SCI, the Wal-Mart of funeral services, already owns seven area funeral homes: Harry A. Nauman & Son and Sacramento Memorial Lawn in Sacramento, Reichert’s Funeral and Cremation Services in Citrus Heights, Mount Vernon Memorial Park & Mortuary in Fair Oaks, Lambert Funeral Home in Roseville, Chapel of the Hills in Auburn, and Marysville’s Sierra View Mortuary. Acquisition of Alderwoods will give SCI three more mortuaries in the region: Nicoletti, Culjis & Herberger in Sacramento, and two in Placerville (Chapel of the Pines and Memory Chapel).
The FTC previously has required SCI to divest itself of some funeral homes to avoid a monopoly in one area. Representatives of the FTC, contacted by SN&R, would not comment on whether SCI will be asked to sell any of its local funeral homes as a condition of the merger. SCI is a Texas-based company that was involved in the so-called “Funeralgate” scandal in Texas, in which a whistleblower alleged that then-Governor George W. Bush and other state politicians had intervened with the Texas Funeral Service Commission on behalf of SCI during an investigation of its practices.—Kel Munger
Four former state attorneys general who are now U.S. senators held a press conference last week announcing that they were introducing new legislation—the Drug Sentencing Reform Act of 2006—to address the long-criticized imbalance of prison sentences imposed on crack and powder-cocaine offenders. U.S. Senators Jeff Sessions, R-Alabama; Mark Pryor, D-Arkansas; John Cornyn, R-Texas; and Ken Salazar, D-Colorado, said the bill would reduce the crack-cocaine/powder-cocaine quantity sentencing spread from 100-to-1 to 20-to-1. In 1986, Congress decreed that the penalty for selling crack cocaine, mainly a black drug, would be far more severe than the penalty for selling powder cocaine, mainly a white drug. While sentencing a crack-cocaine defendant last year, Sacramento federal court Judge William B. Shubb lambasted the illogic of the disparity. “Nobody talks about this as if it makes sense. They just talk about it as if it’s just there, and Congress has done it, and so it must be right,” he said.
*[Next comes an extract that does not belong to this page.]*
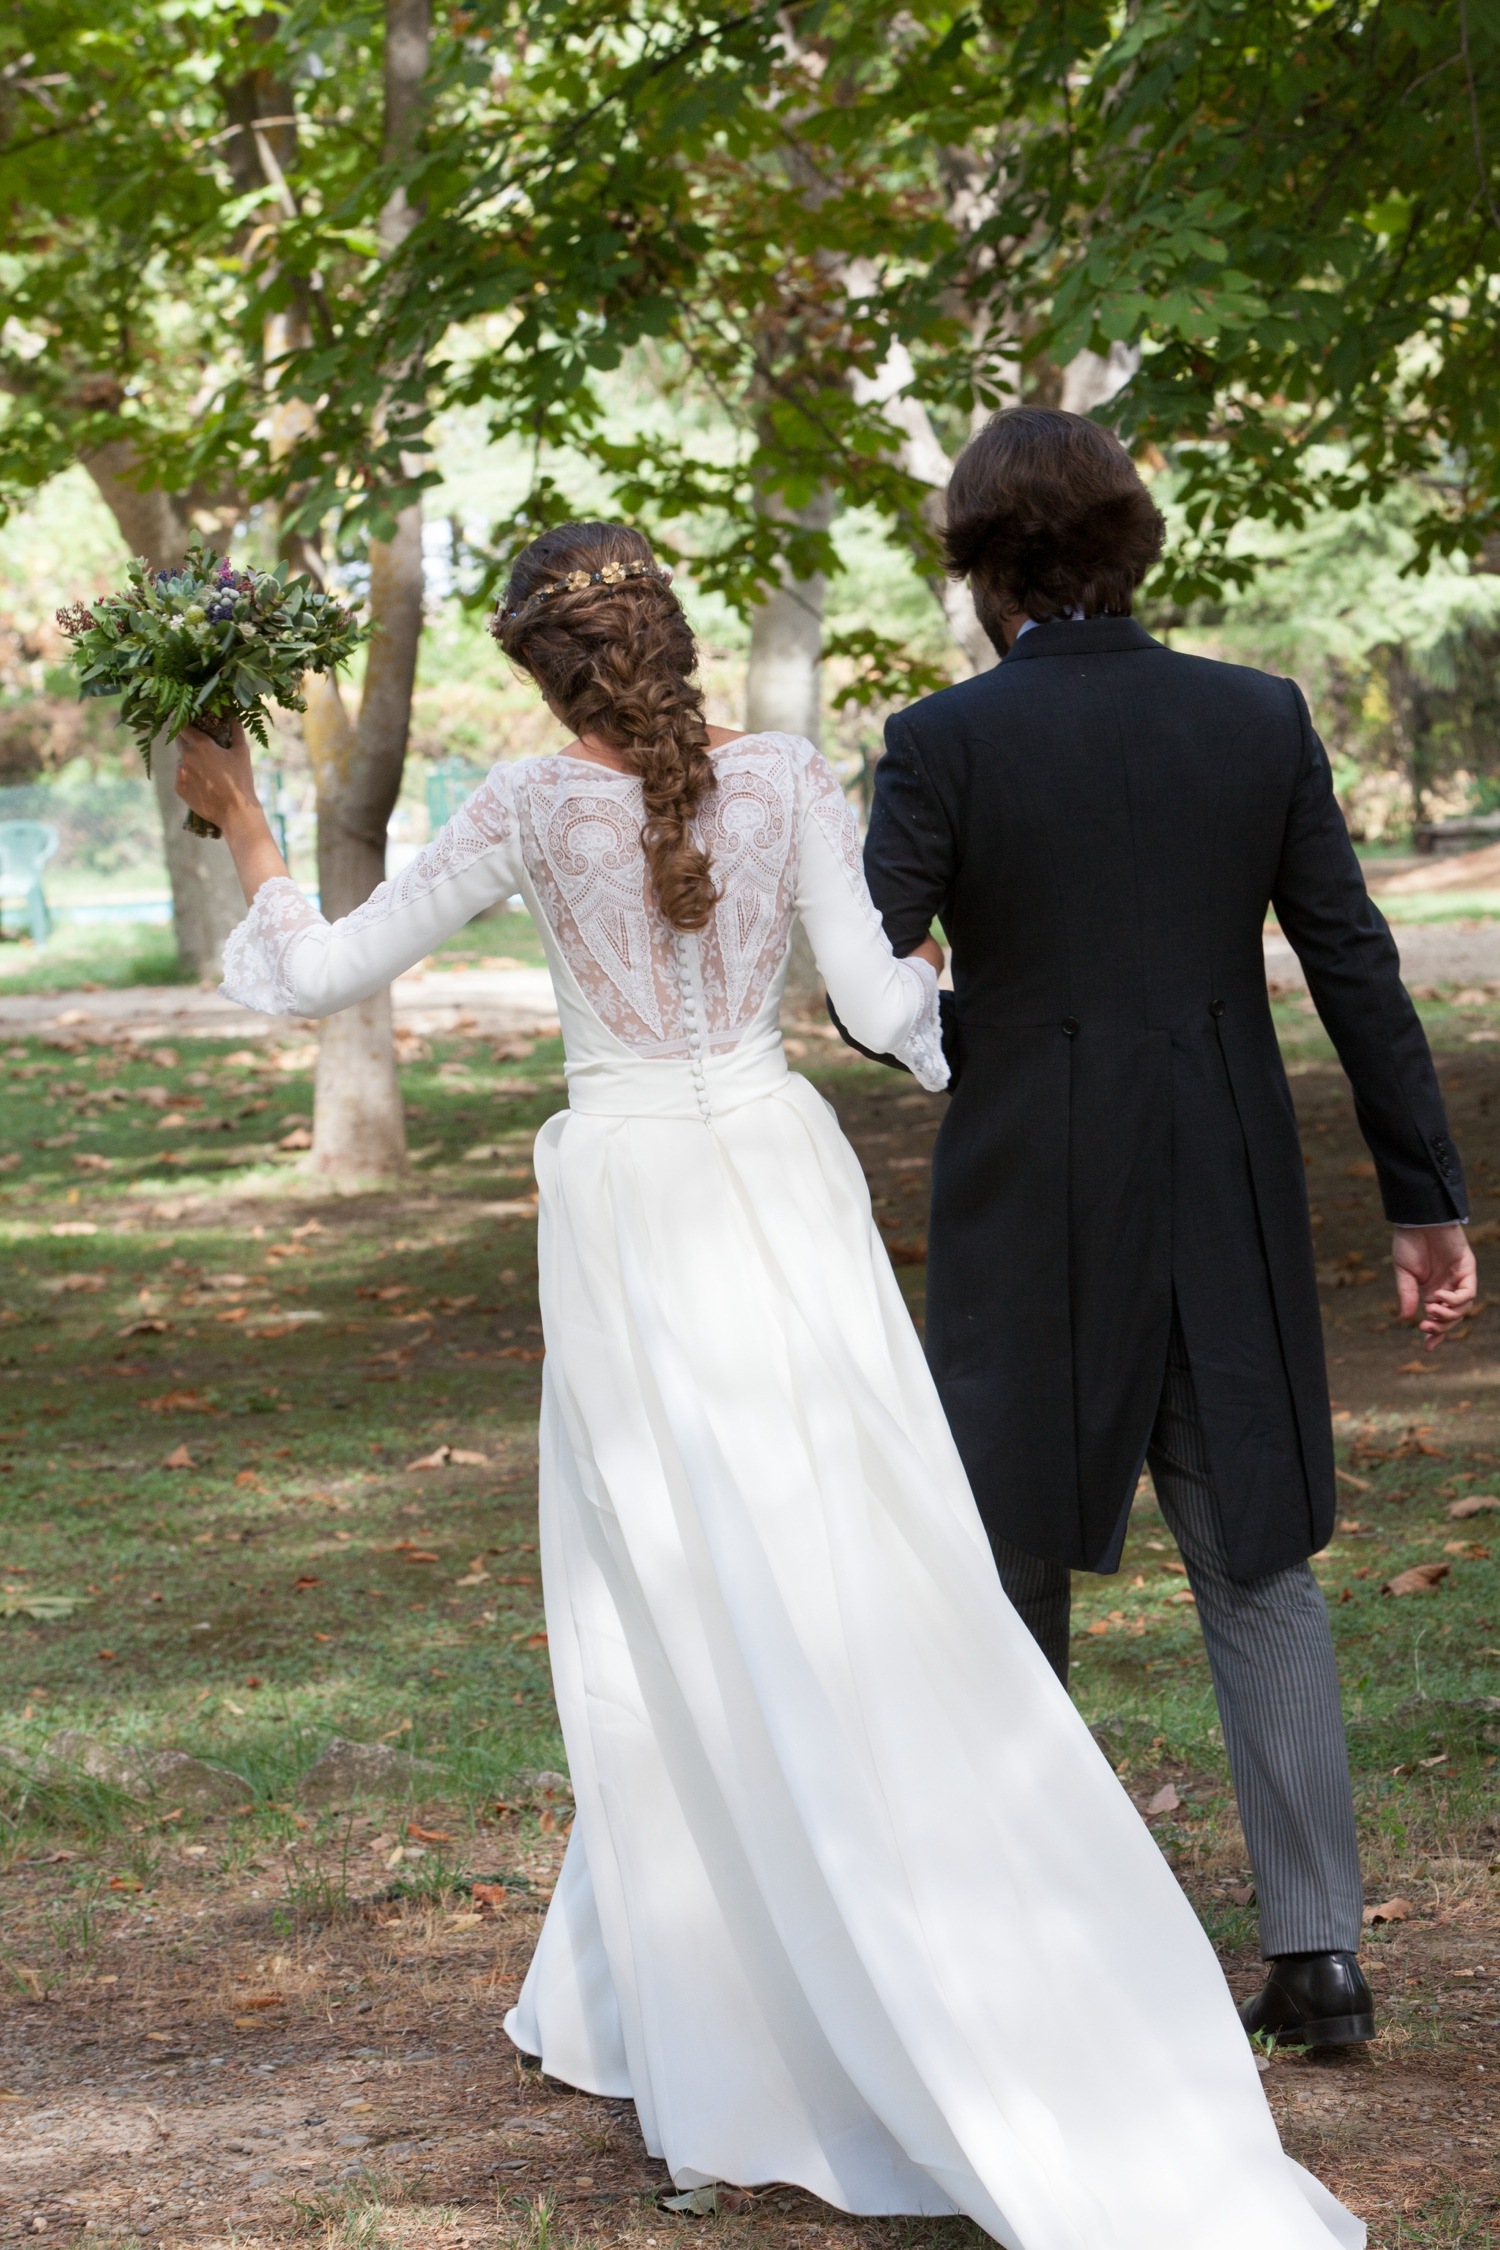 bodas-made-in-style-novios-vestido-de-novia-peinado-romantico-trenza

Families Against Mandatory Minimums (FAMM), a drug-law-reform group, pointed out that the proposed law is a start but also faulted the bill because it will close the crack-powder sentencing gap by essentially increasing powder-cocaine penalties and decreasing crack-cocaine penalties, instead of just decreasing crack penalties. “Nobody is complaining that the powder-cocaine penalty is too lenient,” said Mary Price, general counsel for FAMM.—Stephen James
McClatchy rewards Pruitt
When you’re No. 2, you try harder—and, if you happen to be a top executive in Sacramento-based McClatchy Co., now the second-largest newspaper chain in the country after its $6.5 billion purchase of Knight Ridder, chances are you’ve been rewarded handsomely for the effort, reports the Associated Press.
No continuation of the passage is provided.